* **ABOUT THIS EXERCISE**:
Your output should be exactly the lines from the one containing "L orchestra cinematique." through the last line of the listing, and nothing else. Pictures stay out.

* **GIVEN DATA**:
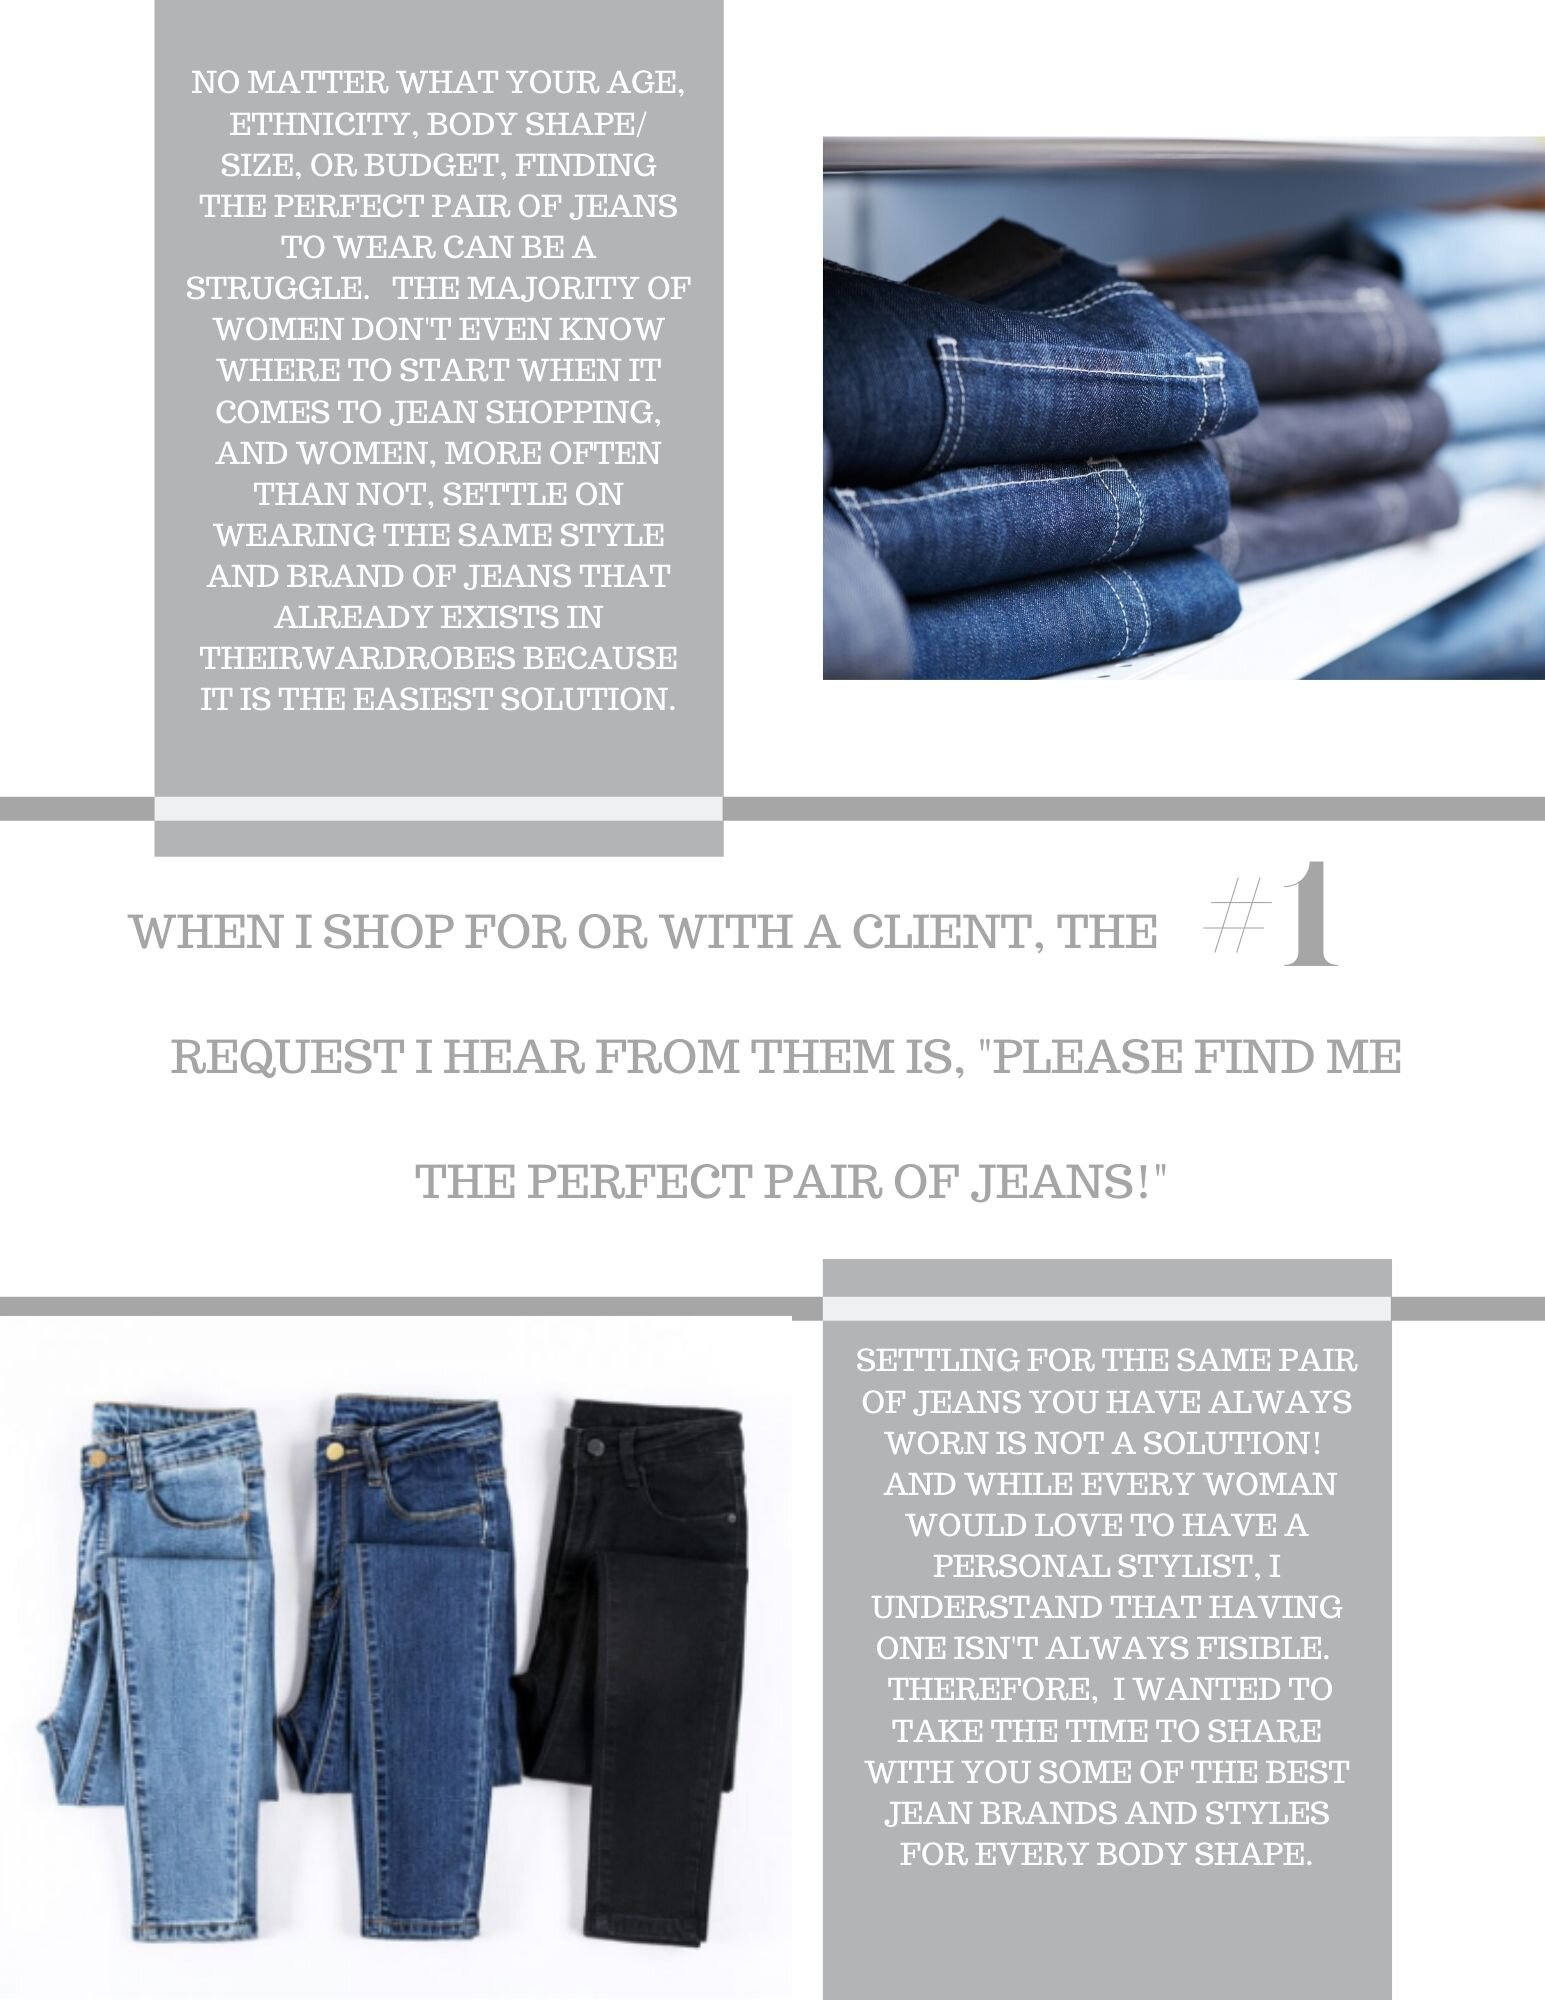 How To Buy The Perfect Pair Of Jeans For Your Body Type
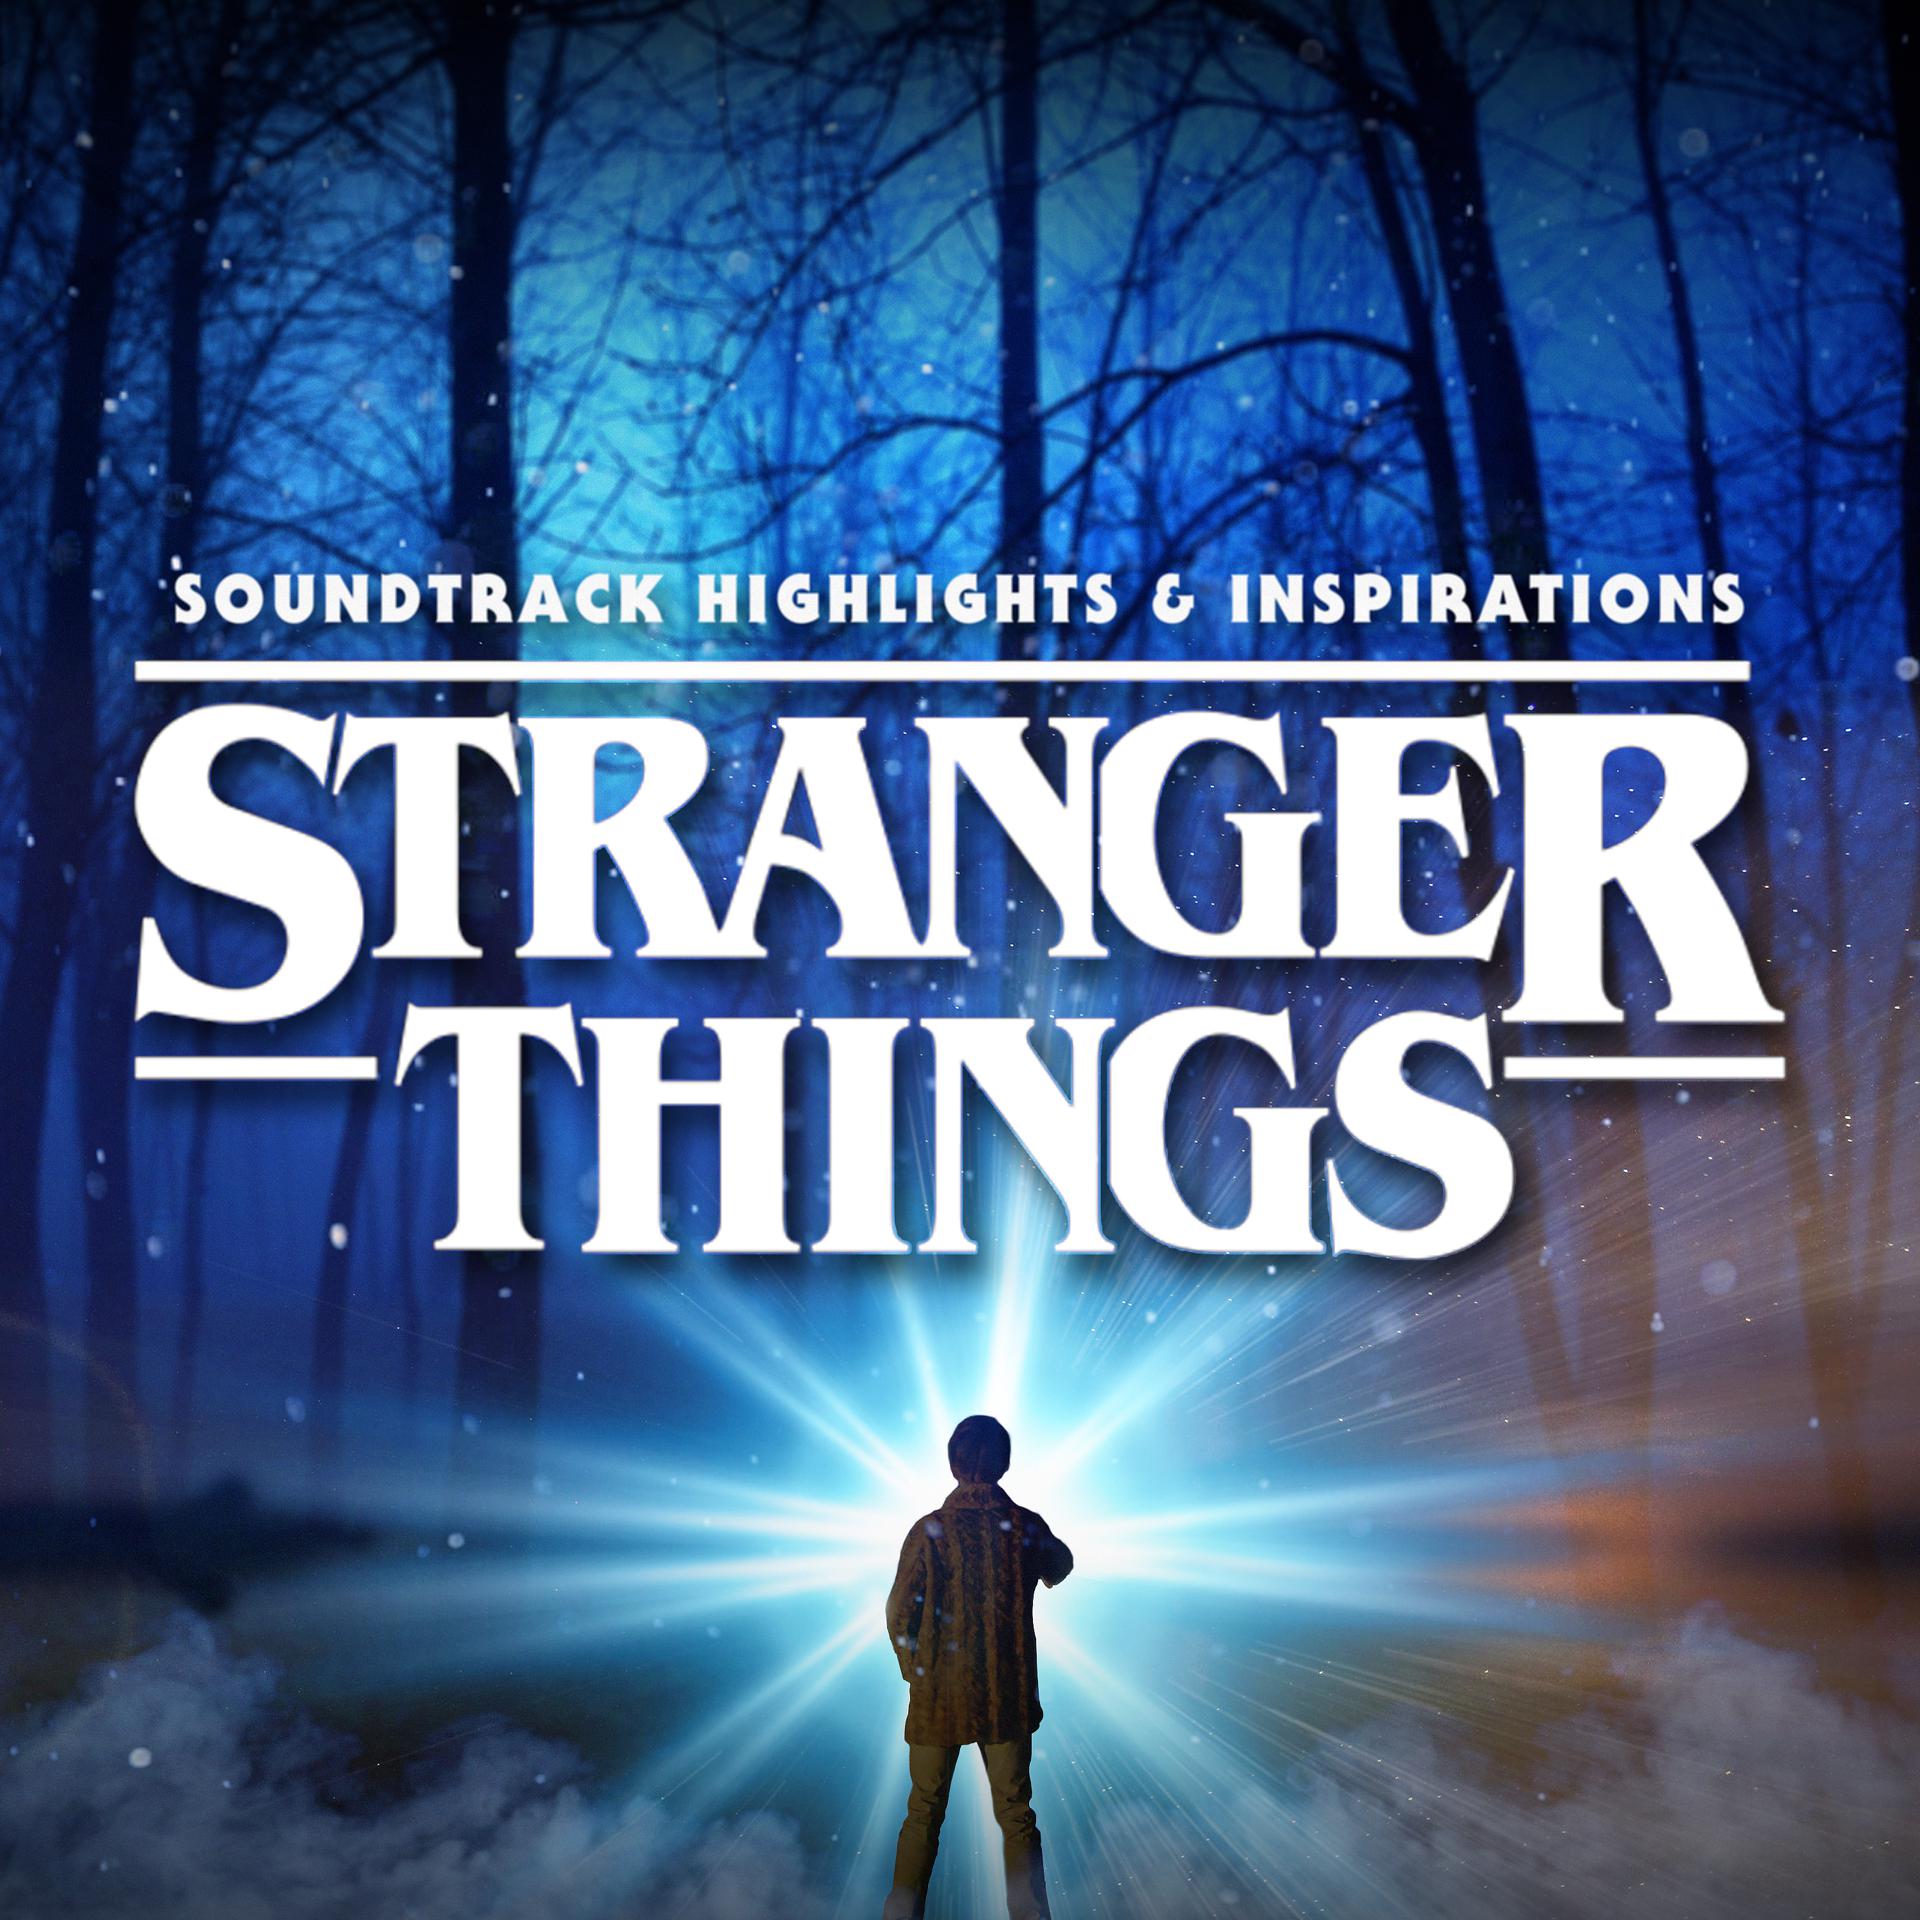 L orchestra cinematique. OST "stranger things". Stranger things Theme. Stranger things OST обложка. Stranger things main Theme l'Orchestra Cinematique.
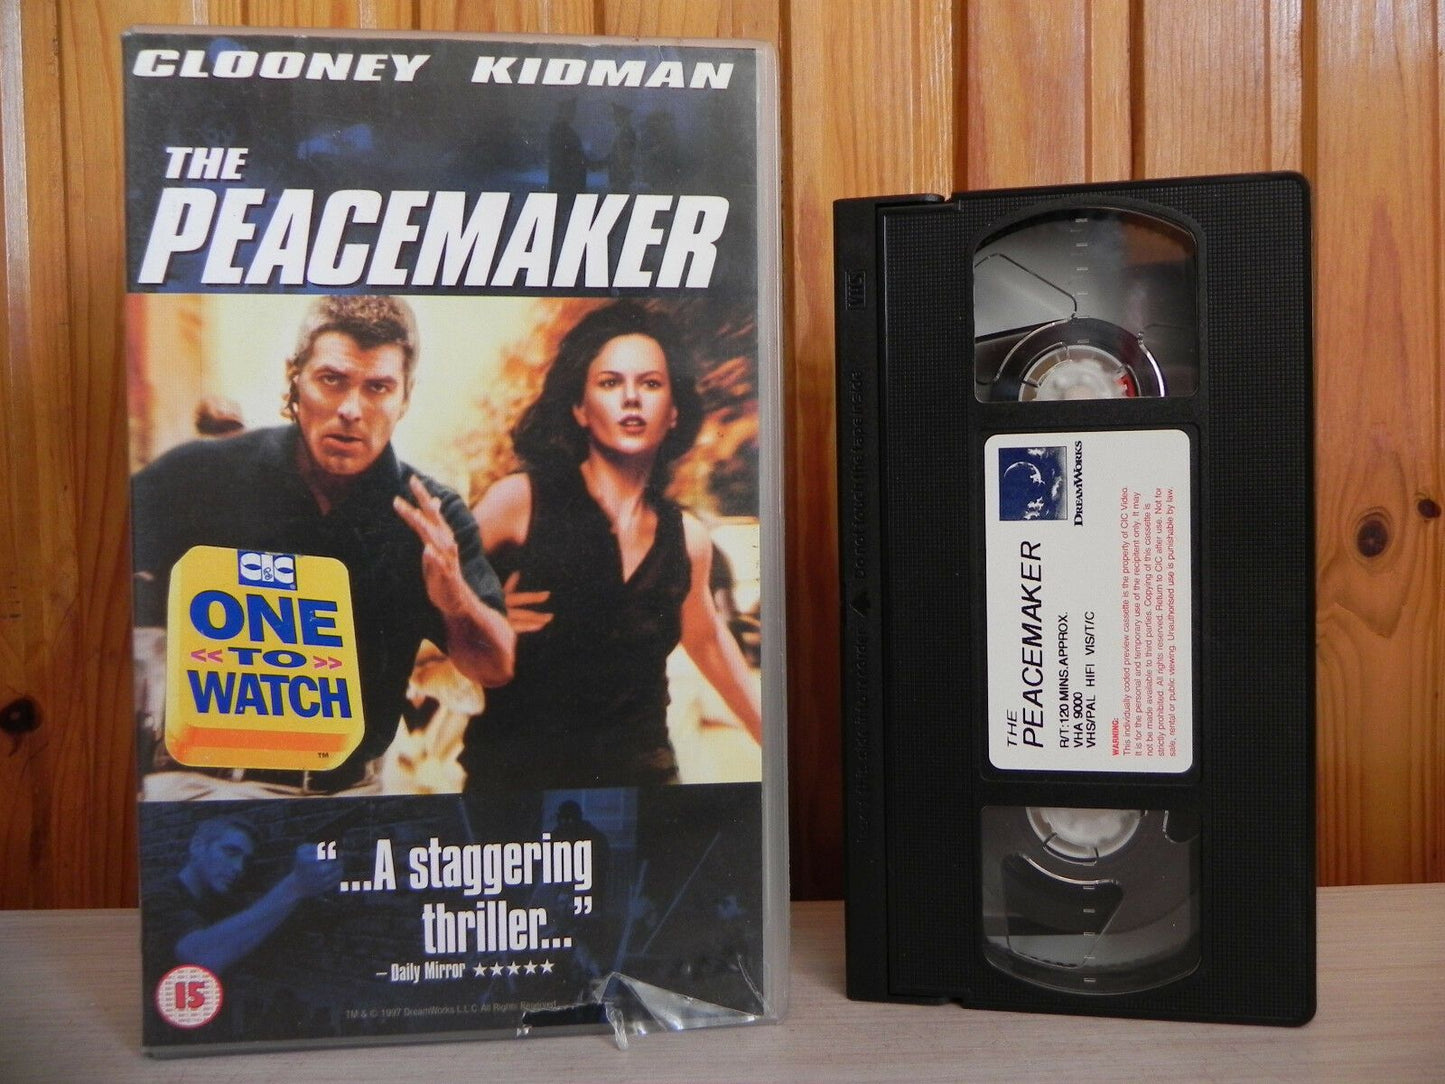 The Peacemaker - Clooney - Crime, Action, Thriller - Sample Copy Video - Pal VHS-

* **ANSWER FOR THIS EXERCISE**:
 L orchestra cinematique. OST "stranger things". Stranger things Theme. Stranger things OST обложка. Stranger things main Theme l'Orchestra Cinematique.
 The Peacemaker - Clooney - Crime, Action, Thriller - Sample Copy Video - Pal VHS-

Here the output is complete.